Lido allows users to deposit any amount of ETH to earn staking rewards in the Ethereum 2.0 network. In return, users receive stETH tokens that provide liquidity for their deposited assets. The tokens can be used in other DeFi protocols.
Holders of stETH could exchange the tokens for bETH in Anchor Protocol within the Terra ecosystem and earn rewards.
The Terra problems led to a discount of stETH relative to ETH of 4.5%. At the time of writing, it had narrowed to 2%, according to CoinGecko.
According to DeFi Llama, the project’s TVL stands at $8.85 billion. Just before the Terra collapse, the figure rose to $19.35 billion.

“This event is hard to overstate. A third of all Ethereum is staked in Lido. The situation clearly illustrates how the composability of DeFi can increase systemic risk,” the analysts noted.
Earlier, due to the Terra collapse, the non-profit Avalanche Foundation lost $60 million.
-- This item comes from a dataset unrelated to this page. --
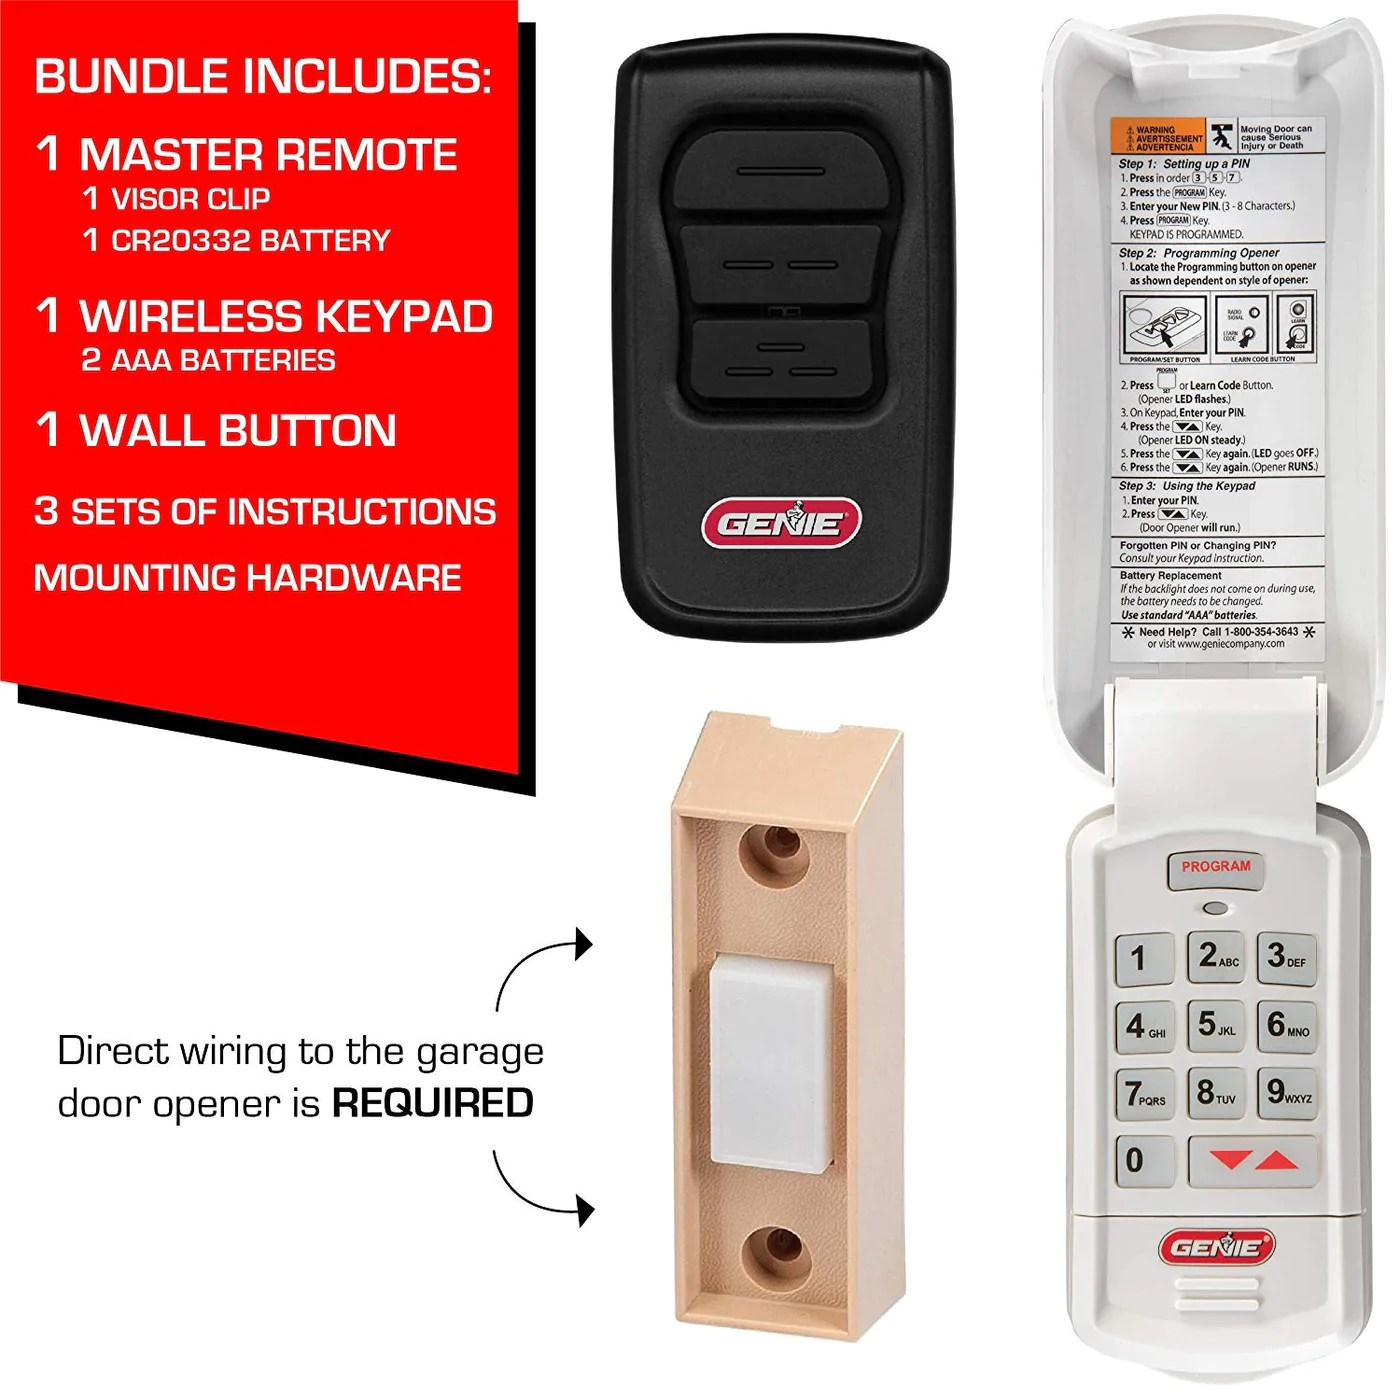 genies accessories bundle for garage door openers come with diy detailed illustrated programming instructions genie s  [ 1400 x 1400 Pixel ]
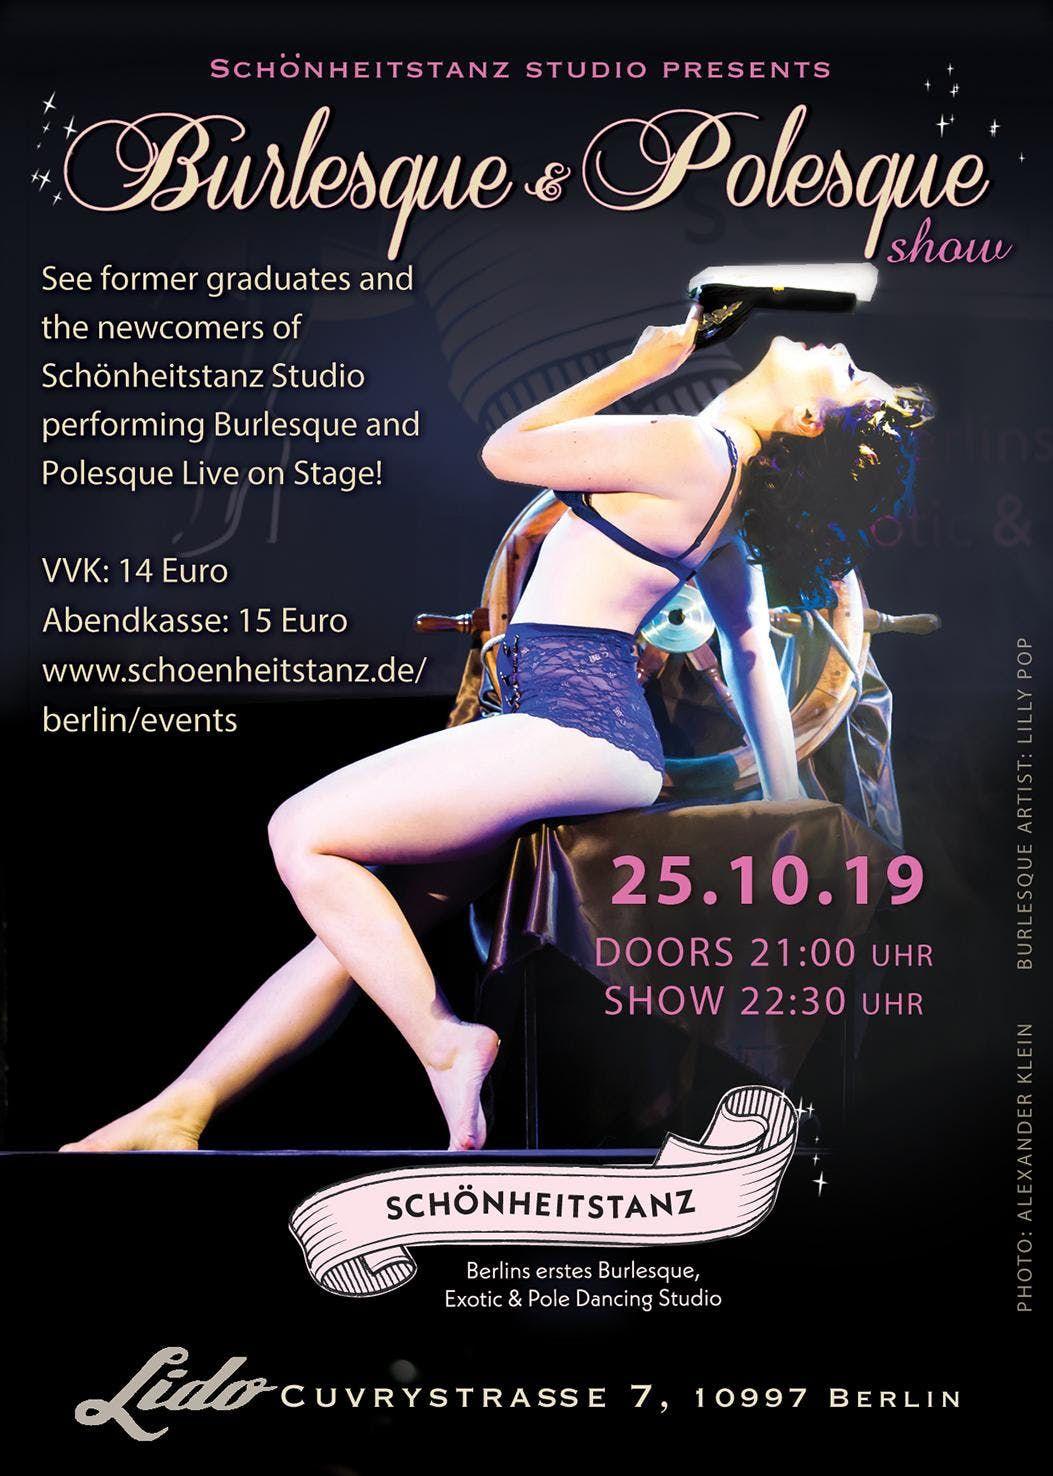 Schnheitstanz presents A Night of live Burlesque & Polesque No 14

As part of a joint effort, Luna Foundation Guard and Terraform Labs invested in AVAX. The former acquired the tokens in an over-the-counter deal for UST, the latter swapped them for the cryptocurrency LUNA. The assets were intended to stabilise the TerraUSD price.
Forbes previously described the crash of LUNA and UST as the “fifth reboot” of the crypto market.